Tuesday September 8, 2009

Safety Nets for OWLs

I've been programming for several decades, but I'm relatively new to ontology development in general and OWL in particular. So, I'm certainly not an expert on the range of work in this area. However, I think I see some areas where programming best practices and tools could provide useful "safety nets" for OWL-based ontology developers.

Substantial development projects (whether in programming or ontology development) quickly pass beyond the point where a developer can remember every detail, let alone comprehend the implications of a given change. Like metaprogramming in dynamic programming languages (eg, Perl, Python, Ruby), the use of reasoners and inference in OWL provides great expressive power.
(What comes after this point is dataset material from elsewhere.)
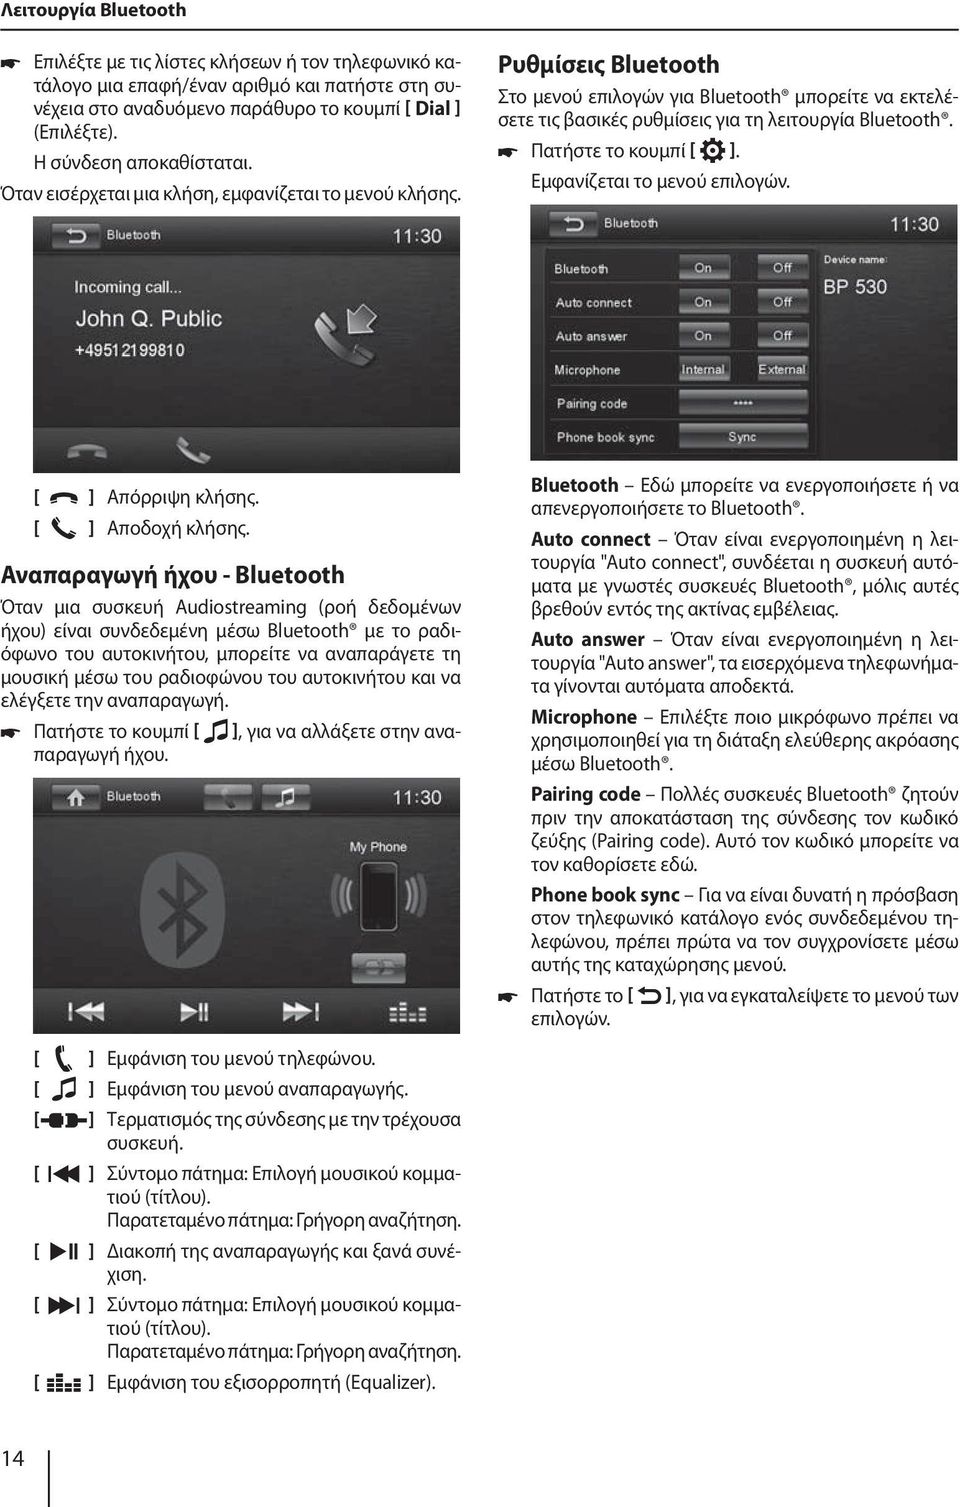 Ρυθμίσεις Bluetooth Στο μενού επιλογών για Bluetooth μπορείτε να εκτελέσετε τις βασικές ρυθμίσεις για τη λειτουργία Bluetooth. Πατήστε το κουμπί ]. Εμφανίζεται το μενού επιλογών. ] Απόρριψη κλήσης.

However, a small-looking change can have far-reaching results.

If multiple developers are involved, things get even more treacherous. Details may be lost or mis-communicated. Changes may interact in unforeseen ways. Finally, if an external client is involved, another level of coordination is needed.

Best Practices

So, programmers have developed assorted best practices (and supporting tools) that provide at least partial solutions for these concerns. Some of these practices are nearly universal; others are used mostly in the agile software development and dynamic programming language communities:

Design Patterns

Most modern programmers and many ontologists are already familiar with design patterns, but others may not be, so here is a summary:

Each pattern describes a problem that occurs over and over again in our environment, and then describes the core of the solution to that problem, in such a way that you can use this solution a million times over, without ever doing it the same way twice.

-- Christopher Alexander, "A Pattern Language"

If a problem matches a particular design pattern, using the pattern can reduce both effort and risk. Design patterns also aid system documentation, because the developer can simply mention the pattern(s) being used. Of course, a pattern may be used inappropriately or incorrectly, but documenting the name of the pattern may even help here, by allowing readers to check the implementation against the intent.

Semantic Web for the Working Ontologist (Allemang and Hendler; Morgan Kaufmann) is the first book I found that met my needs as an aspiring ontologist. It uses (admittedly simple) design patterns as a tool for teaching modeling, ontology creation, etc. Semantic Web Programming (Hebeler, et al; Wiley), another fine book, also has a chapter on "Semantic Web Patterns and Best Practices".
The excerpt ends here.